DATA RECORDS:
--- START ---

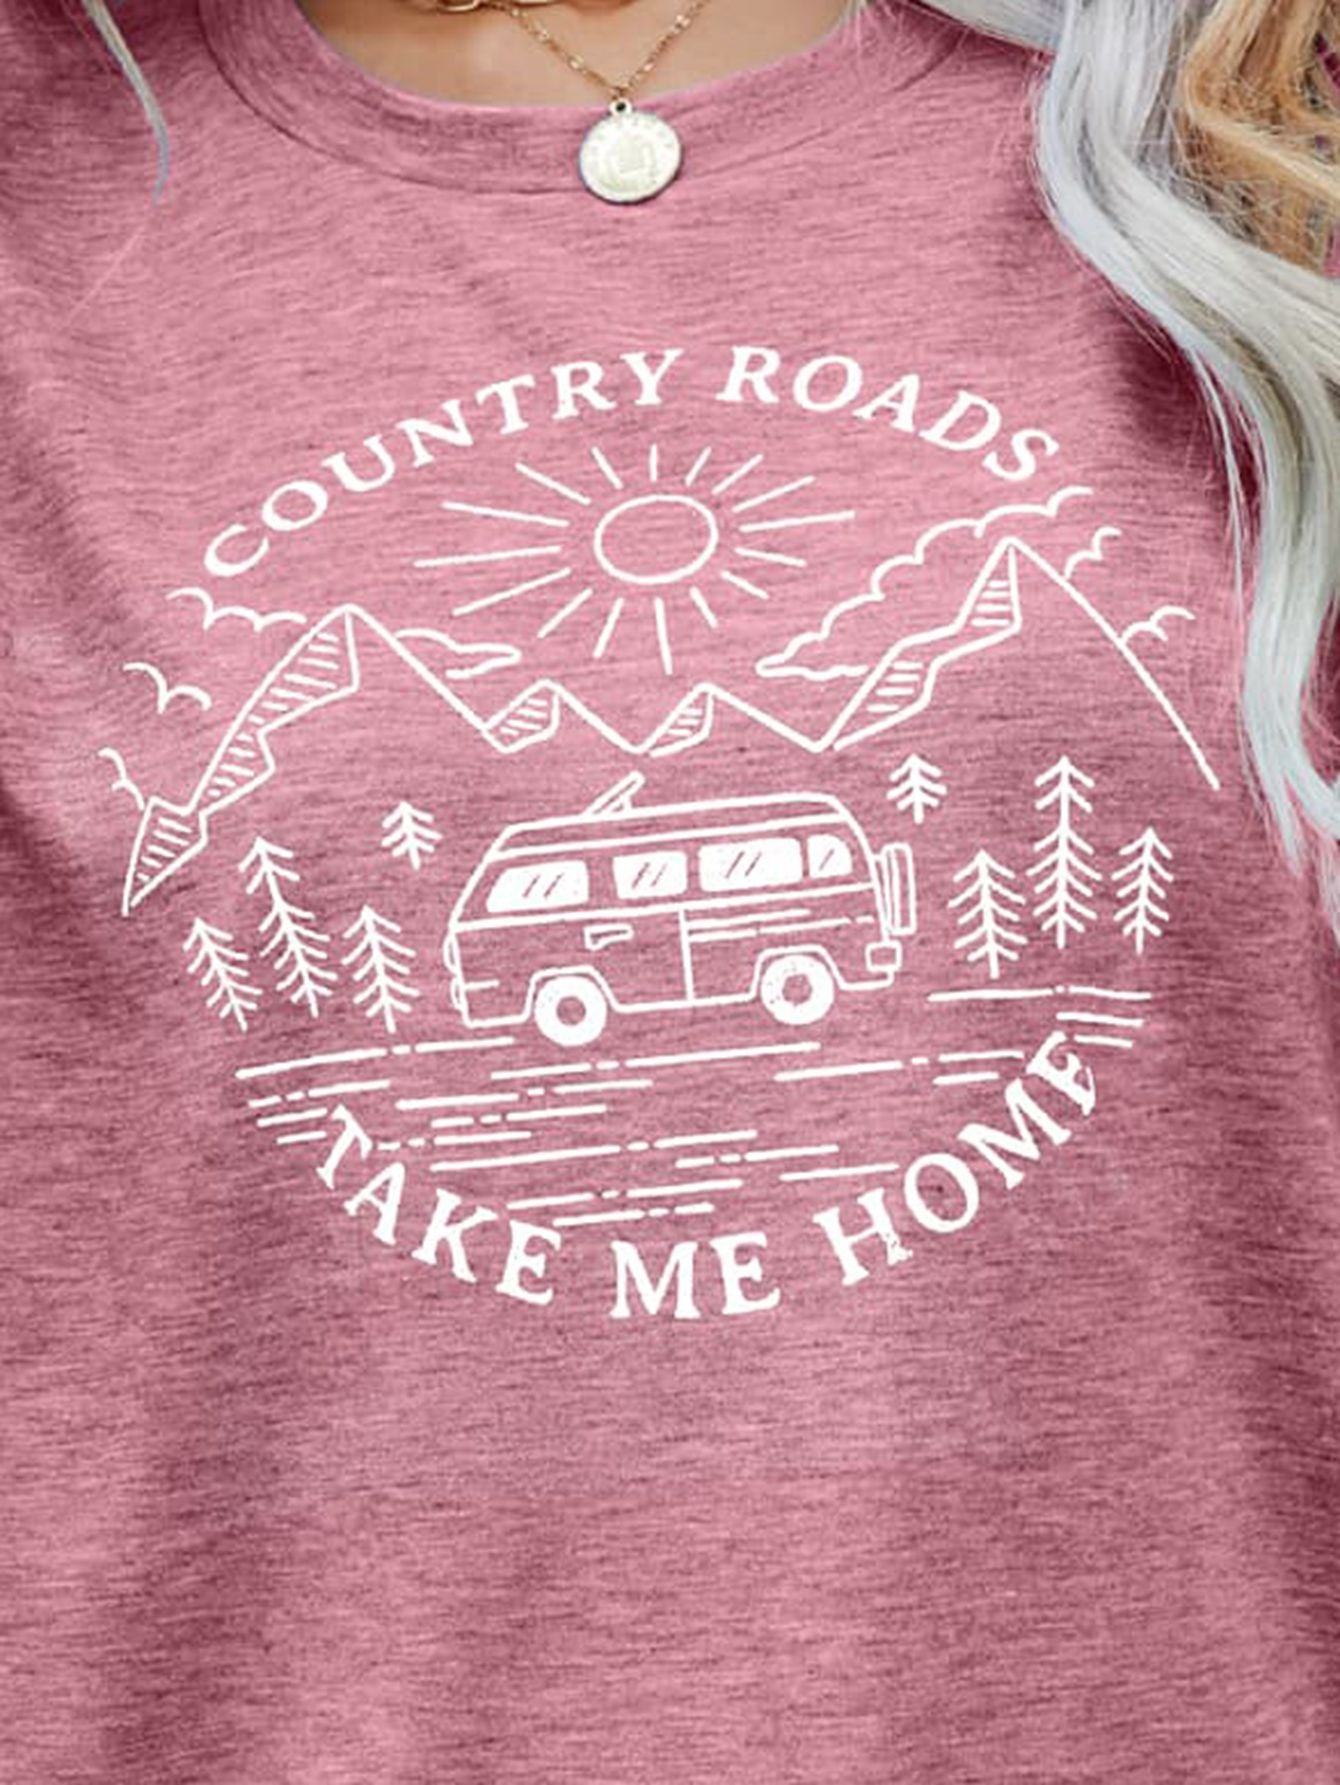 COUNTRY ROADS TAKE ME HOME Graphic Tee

--- END ---
--- START ---

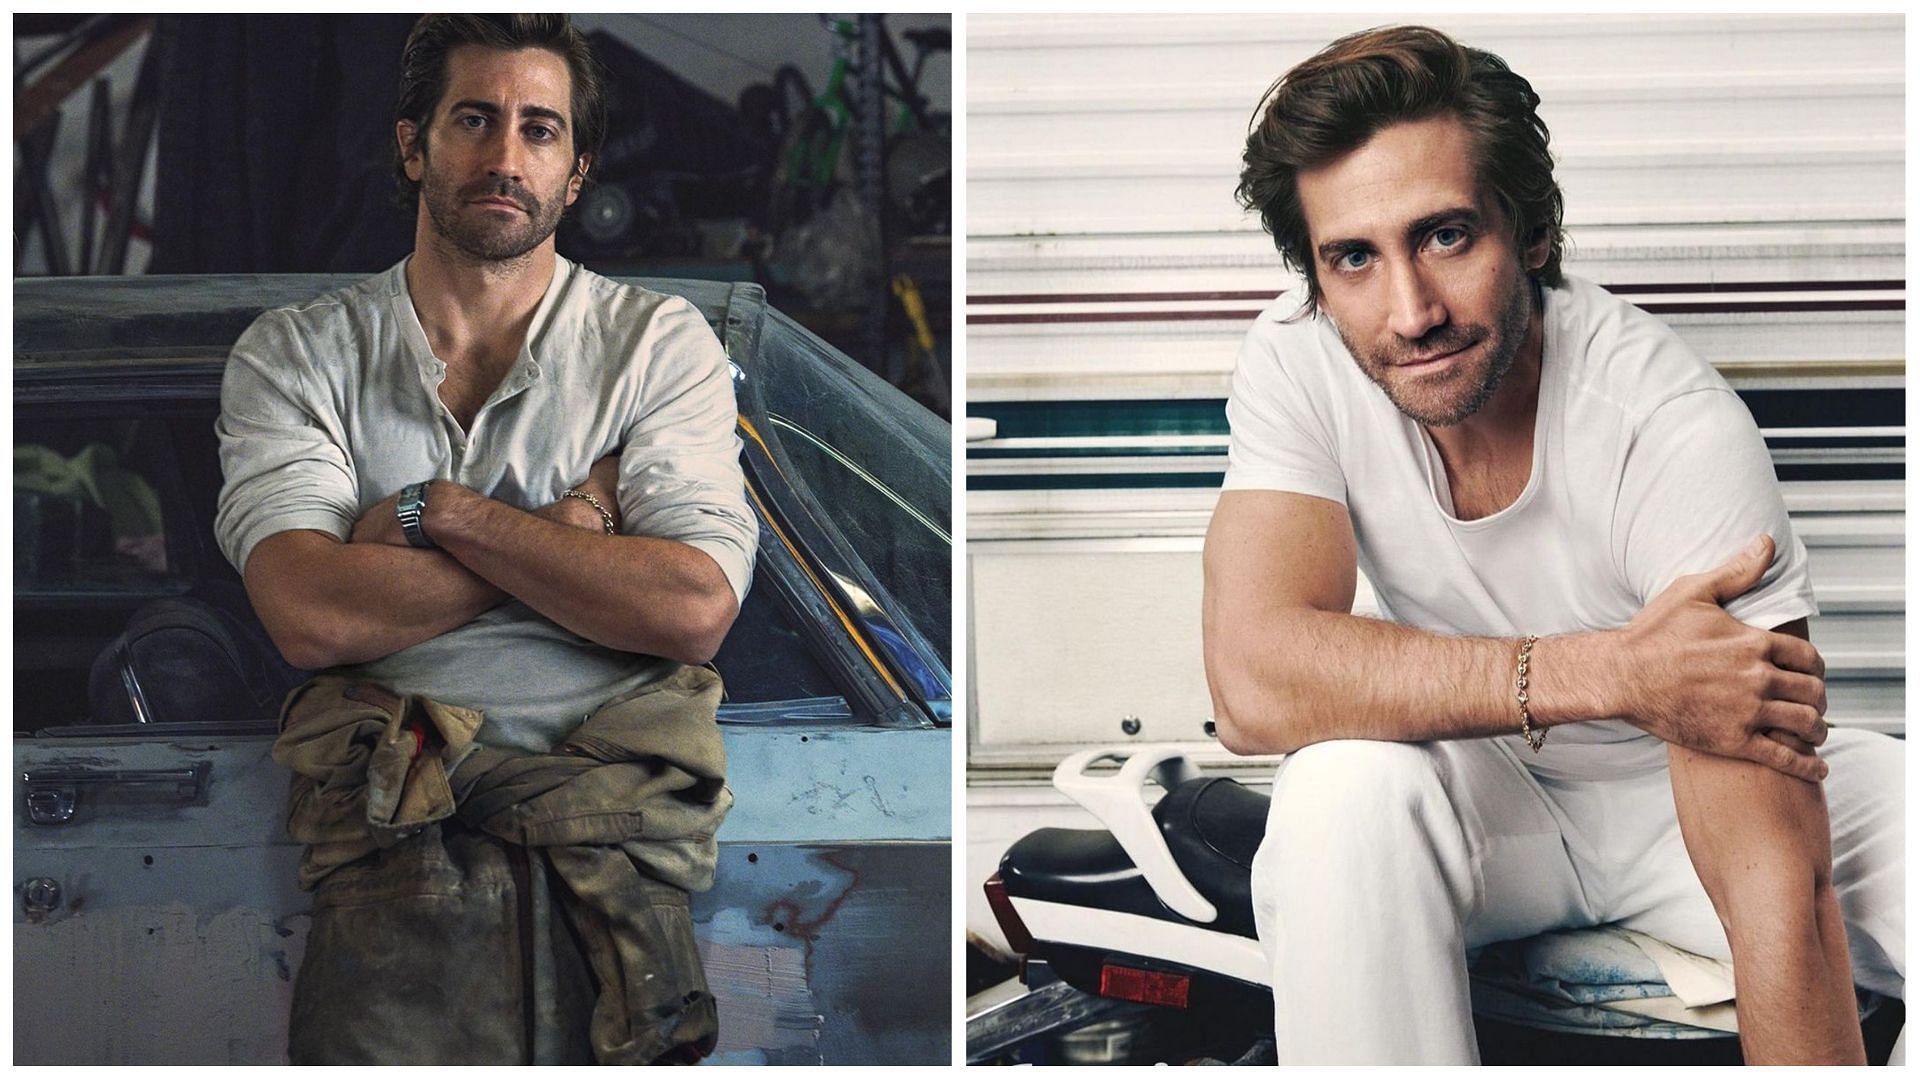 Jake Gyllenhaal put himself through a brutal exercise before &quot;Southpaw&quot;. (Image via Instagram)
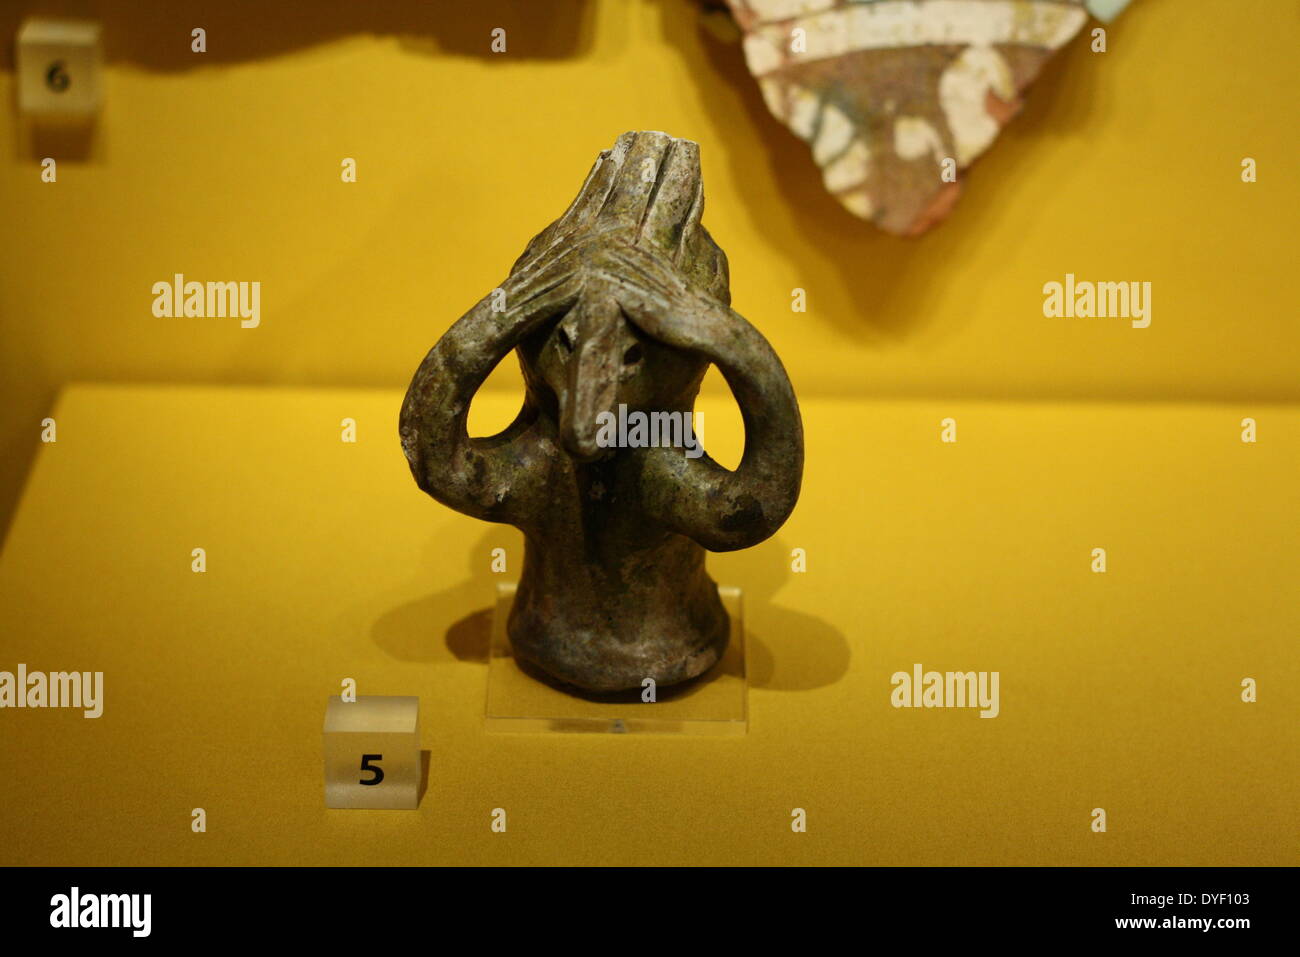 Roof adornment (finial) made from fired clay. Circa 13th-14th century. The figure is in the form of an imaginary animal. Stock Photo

--- END ---

PROBLEM DETAILS:
A clean copy is needed of the lines in the listing above from the one with "Jake Gyllenhaal put" through the one with "Roof adornment (finial)", exact in every word and free of pictures.

WRITTEN SOLUTION:
 Jake Gyllenhaal put himself through a brutal exercise before &quot;Southpaw&quot;. (Image via Instagram)
 Roof adornment (finial) made from fired clay. Circa 13th-14th century. The figure is in the form of an imaginary animal. Stock Photo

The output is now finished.